Breaking Down the Numbers on ‘Flawed’ Productivity Analysis
A comprehensive new report released this week discredits a flawed critique of the productivity of University of Texas at Austin faculty being touted by Richard Vedder, an activist who appears to have manipulated the data to paint an inaccurate and highly misleading portrait of the University’s educators. Vedder is speaking today at the Cato Institute.
The new report was written by Marc Musick and analyzed for the Texas Coalition for Excellence in Higher Education by higher education expert Michael McLendon of Vanderbilt University. It shows that UT Austin faculty are highly productive, actively engaged in groundbreaking research, and deliver a two-to-one return on investment for the state of Texas.
Some of the inaccuracies in the distorted Vedder analysis include:
– Vedder used a wildly inflated number of 4,200 faculty members for his conclusions, even though UT Austin has only 1,988 tenured or tenure track faculty.
– Vedder compared apples to oranges. By choosing not to filter information and instead using the raw data set, the report treated all instructional staff as equal, whether they were graduate students who supervised a few undergraduates as part of their studies or actual full-time faculty. By mis-categorizing almost 1,300 adjuncts and part-time lecturers and more than 600 graduate students as full-time faculty, the report is intentionally misleading as these part-time roles are by definition not full-time.

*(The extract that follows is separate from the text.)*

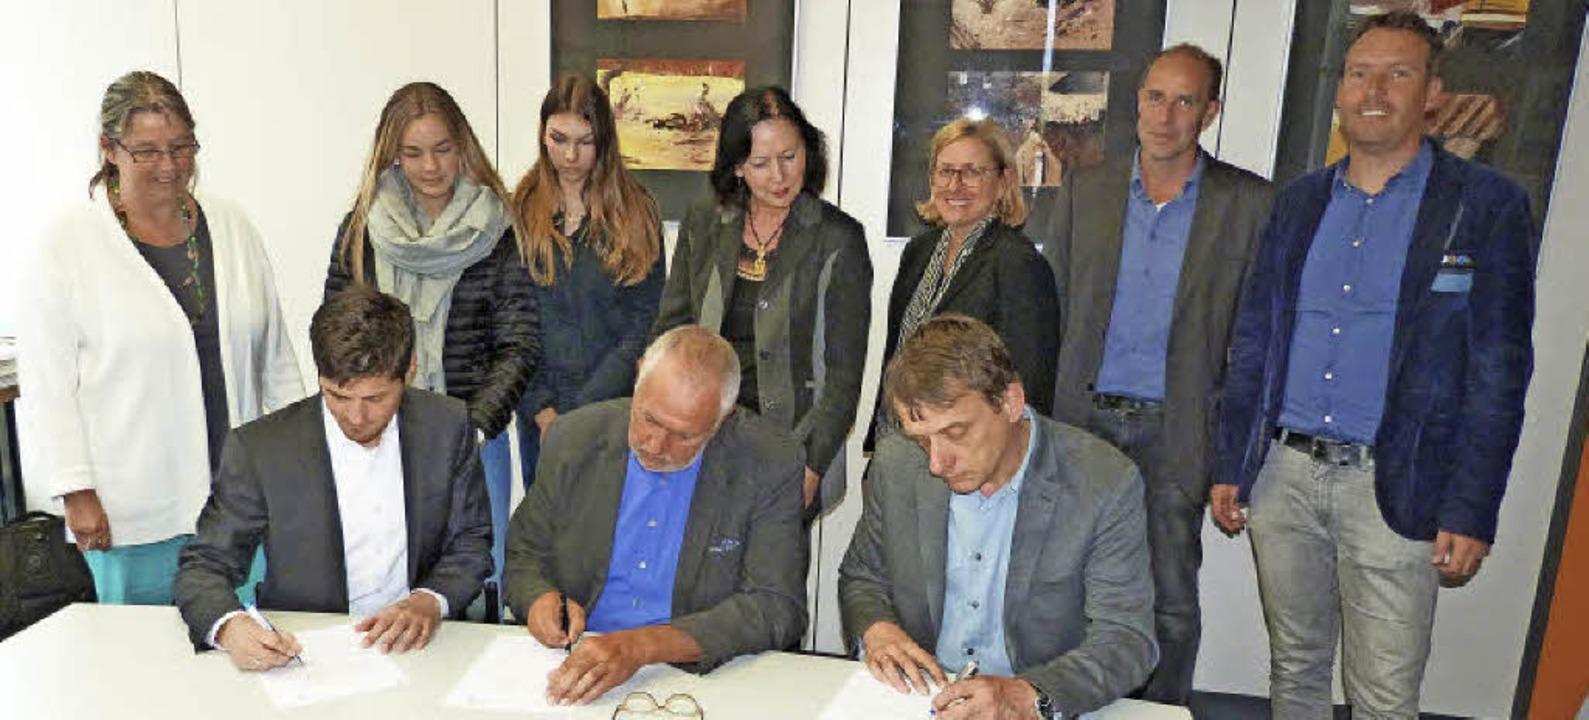 Lars Holzäpfel von der PH Freiburg, Sc...n des Praxiskollegs (dahinter links).     Foto: Presse-AG

– Vedder included retired faculty members who continue to supervise graduate students, yet teach no classes.
– Vedder included UT Austin’s president, college deans, administrators, research scientists, and others whose primary function is not instruction, but who teach undergraduate courses or supervise graduate students in addition to their full-time work loads.
– Vedder only looked at un-weighted semester credit hours which is not how the state of Texas measures or funds higher education faculty. The state of Texas uses a weighted system that recognizes that certain classes are much more difficult and time consuming to teach than others. For example, intense laboratory courses for doctoral students may receive a higher weight than a freshman history seminar course. Vedder ignored this important distinction.

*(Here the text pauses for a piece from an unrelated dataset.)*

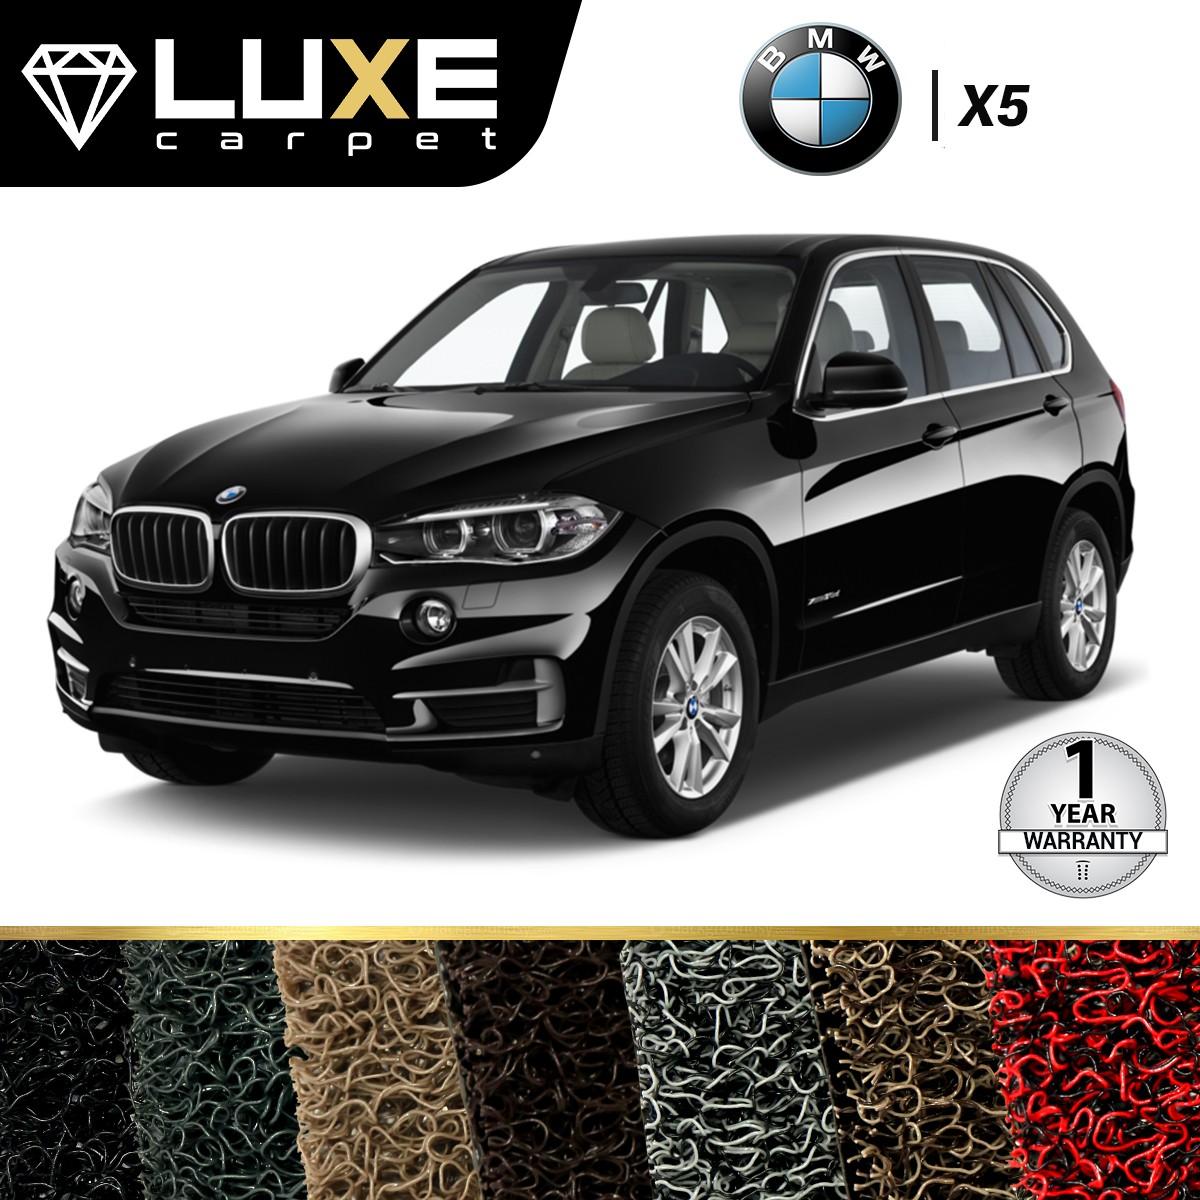 KARPET LUXE + BAGASI BMW X5 2013 UP - GOLD SERIES

The Washington Post has noted the discrepancies and closed its story on the reports with Musick’s words:
“This is the type of distribution that any institution like UT Austin would hope for. Our university, like many others, is torn between offering large sections of lower-division classes that serve many students and smaller sections of upper-division and graduate sections that serve many fewer. Both types of courses are essential at a research university in an effort to provide a high quality education at the undergraduate and graduate level to large numbers of students. Quality would be sacrificed by offering fewer small and intensive courses, but the ability to educate many students would be sacrificed by offering fewer large classes.”
Jenifer Sarver is a member of the Texas Exes Public Relations committee and the spokeswoman for the Texas Coalition for Excellence in Higher Education.